Narrowly defined tests help to focus on specific failures and avoid the 500 failure scenario. The downside is that overly narrow tests generally miss failures that occur on a system level. For that reason, specify a combination of narrow and broader tests. One way to do that is to create narrow tests that do individual functions; then create a few broad tests, dependent on the narrow ones, that perform the same functions in various combinations.
Tests can be executed on a similar product or a new version of the product without major modification.
Consider that the test suite will need to evolve as the software that it tests evolves. It's common for software to be extended, ported, or unbundled into smaller applications. Consider how your suite will accommodate that. One example is localization. If you are called upon to test a French version of the software, will that require a complete rewrite of each and every test? This desirable attribute of test automation can be achieved, but may lead to very complex test suites. Be careful not to trade a simple suite that can be quickly thrown out and rewritten for a super-complex suite that is theoretically flexible but also full of bugs.
Test programs are reviewable.
Tests must be maintained, and that means they must be revisited. Reviewability is how easy it is to come back to a test and understand it.
Test programs are easily added to suites.
In some suites I've seen, it's major surgery just to add a new test. Make it easy and the suite will grow more quickly.

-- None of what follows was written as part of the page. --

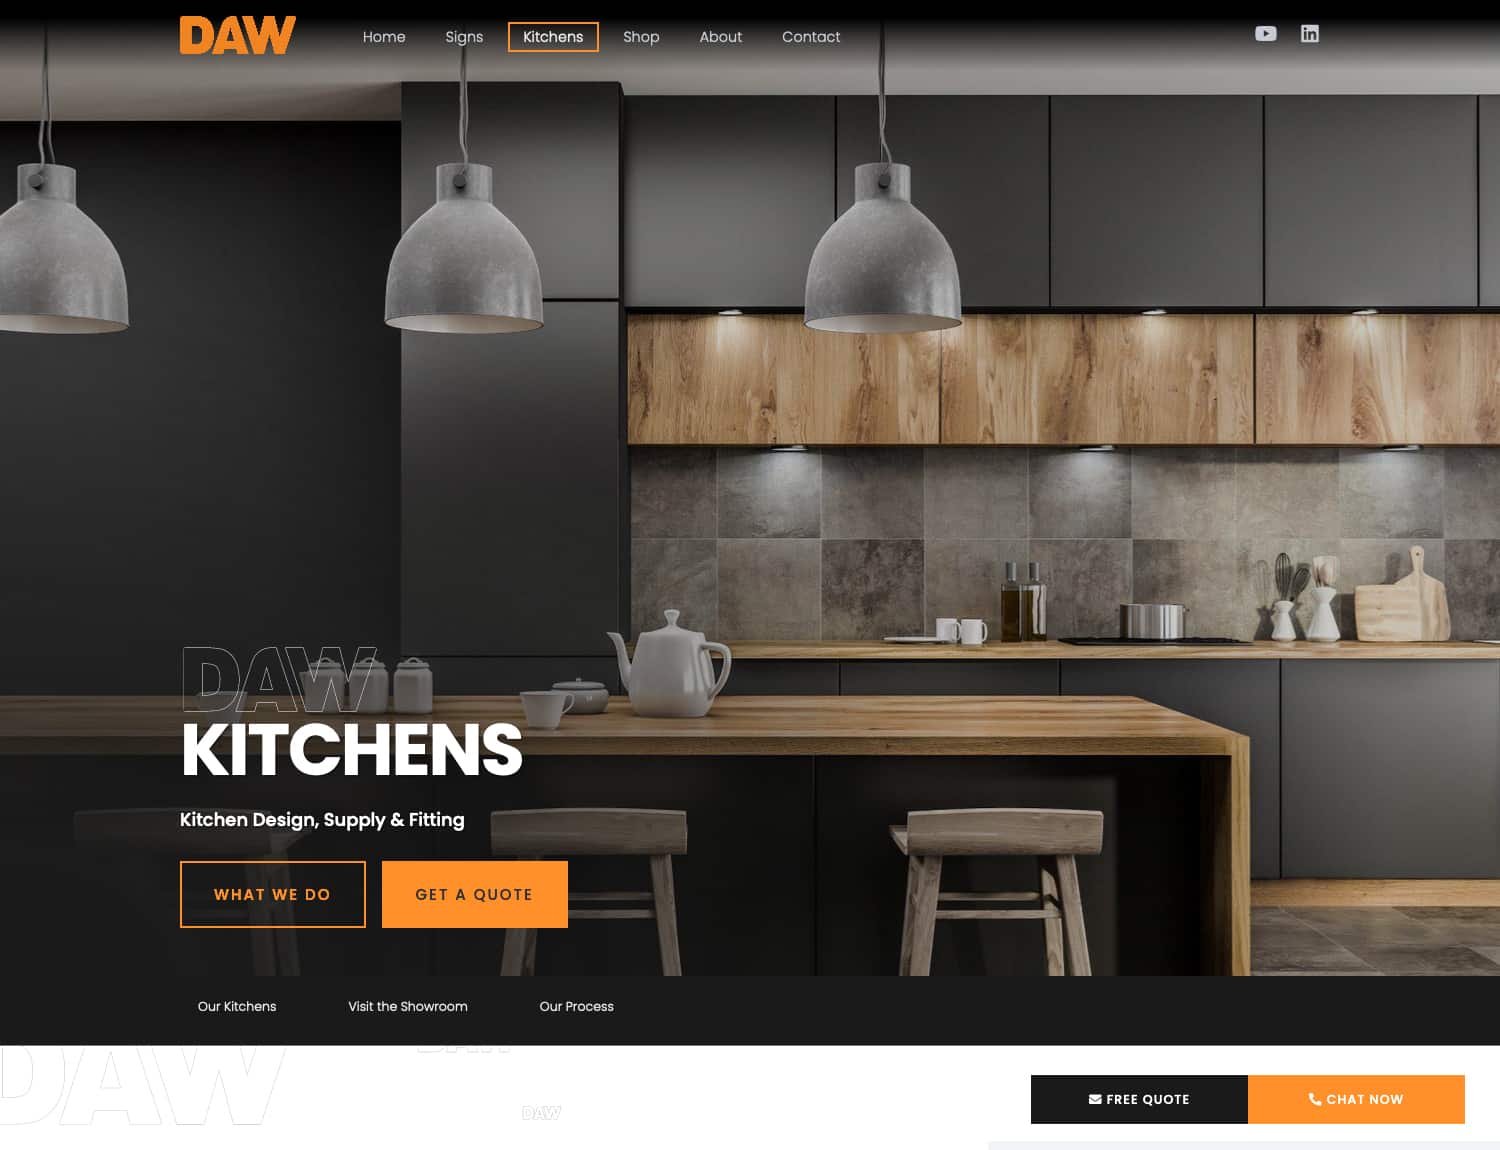 Website for Kitchen showroom business in Glasgow

Tests are rapidly accessible.
I once saw a test management system where it took more than 30 seconds to navigate to a single test from the top level of the system. That's awful. It discouraged test review and test development. Design the system such that you can access a given test in no more than a few seconds. Also, make sure the tests are accessible by anyone on the team.
Tests are traceable to a test outline.
To some it is obvious; for me it was a lesson that came the hard way: Do not automate tests that can not already be executed by hand. That way, when the automation breaks, you will still be able to get your testing done. Furthermore, if your automated tests are connected to a test outline, you can theoretically assess functional test coverage in real-time. The challenge is to keep the outline in sync with both the product and the tests.

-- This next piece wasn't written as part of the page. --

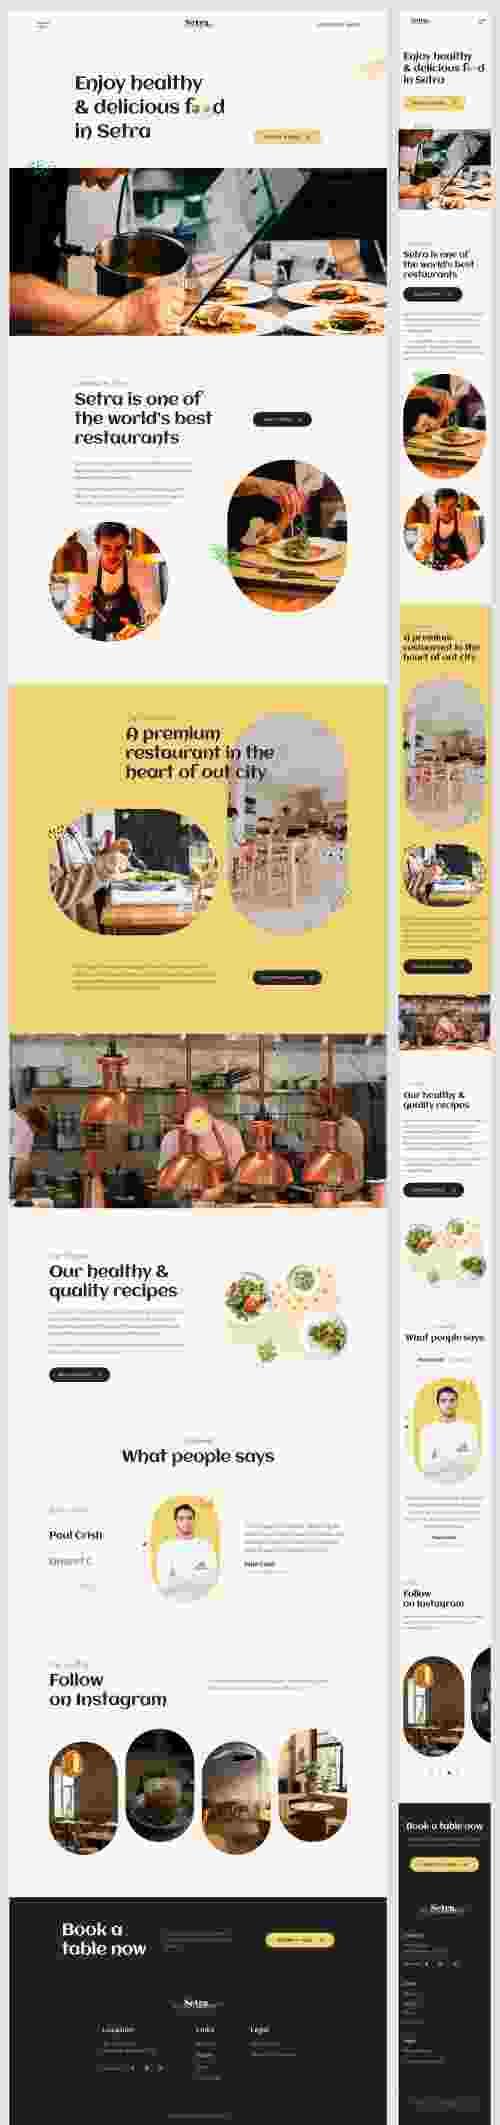 UIHut - Setra ~ Restaurant Website Design - 18896

Tests are reviewed, and their review status is documented in-line.
This is especially important if several people are involved in writing the tests. Believe it or not, I have seen many examples of very poorly written tests that were overlooked for years. It's an unfortunate weakness (and most of us have it) that we will quickly assume that our test suite is full of useful tests, whether or not we personally wrote those tests. Many bad experiences have convinced me that it's dangerous to assume this! Test suites most often contain nonsense. Review them! In order to help manage the review process, I suggest recording the date of review within each test. That will enable you to periodically re-review tests that haven't been touched in a while. Also, review tests that never fail, and ones that fail often. Review, especially, those tests that fail falsely.
Test hacks and temporary patches are documented in-line.

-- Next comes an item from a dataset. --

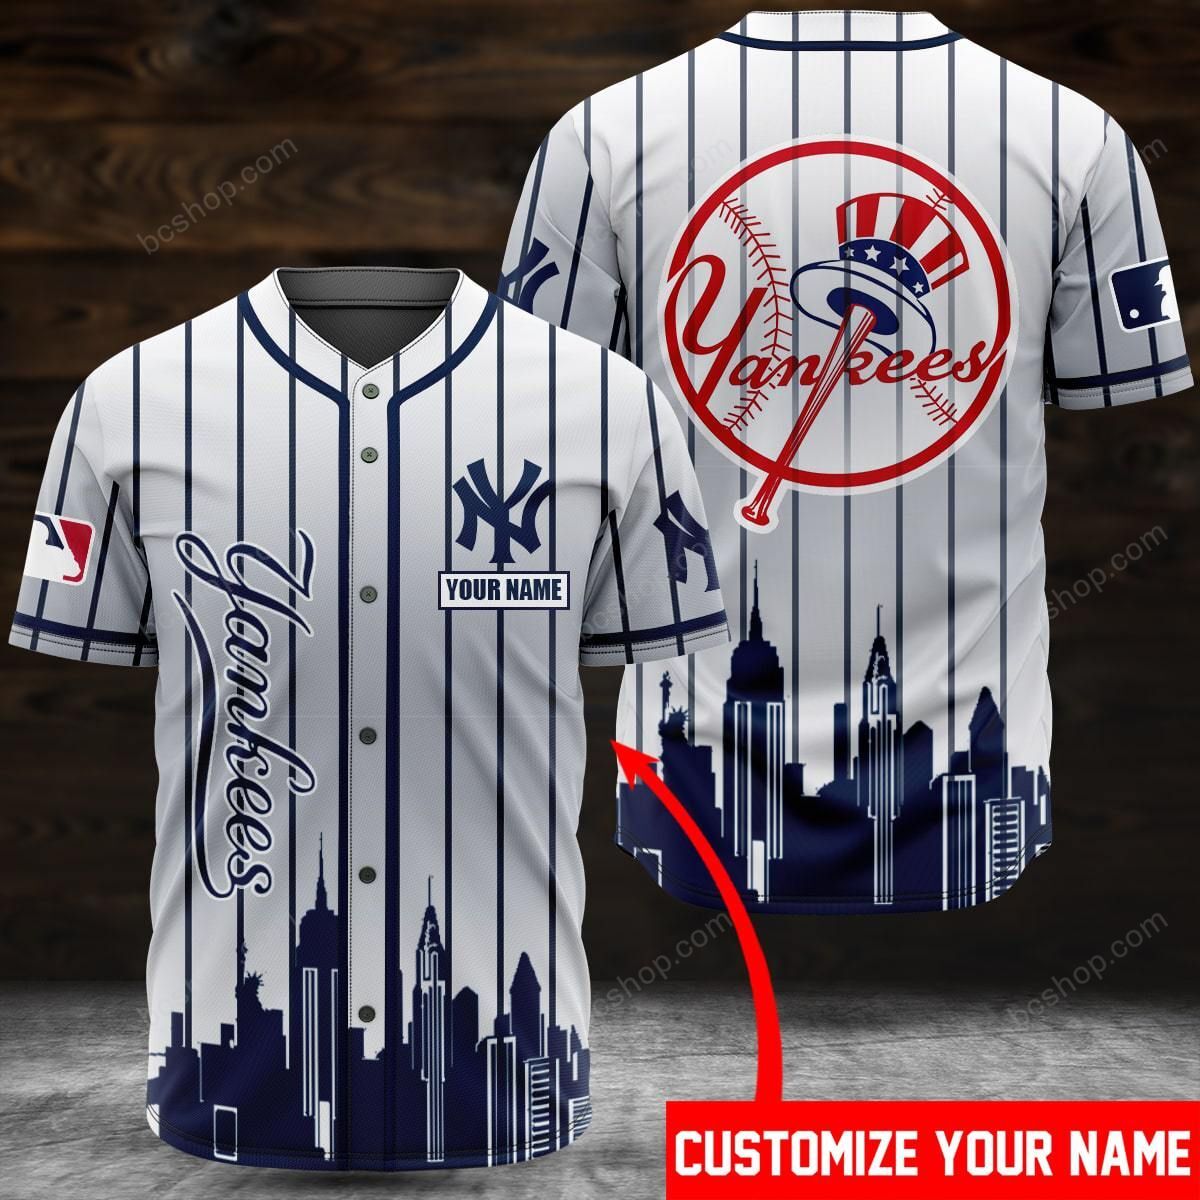 NYC Yankees custom name baseball jersey 2

Adopt a system for recording the assumptions behind the test design, and any hacks or work-arounds that are built into the test code. This is important, as there are always hacks and temporary changes in the tests that are easy to forget about. I recommend creating a code to indicate hacks and notes, perhaps three asterisks, as in: "*** Disabled the 80387 switch until co-processor bug is fixed." Periodically, you should search for triple-asterisk codes in order not to forget about intentionally crippled tests.
Suite is well documented.
You should be able to explain to someone else how to run the test suite. At Borland I used the "Dave" test: When one of my testers claimed to have finished documenting how to run a suite, I'd send Dave, another one of the testers, to try to run it. That invariably flushed out problems.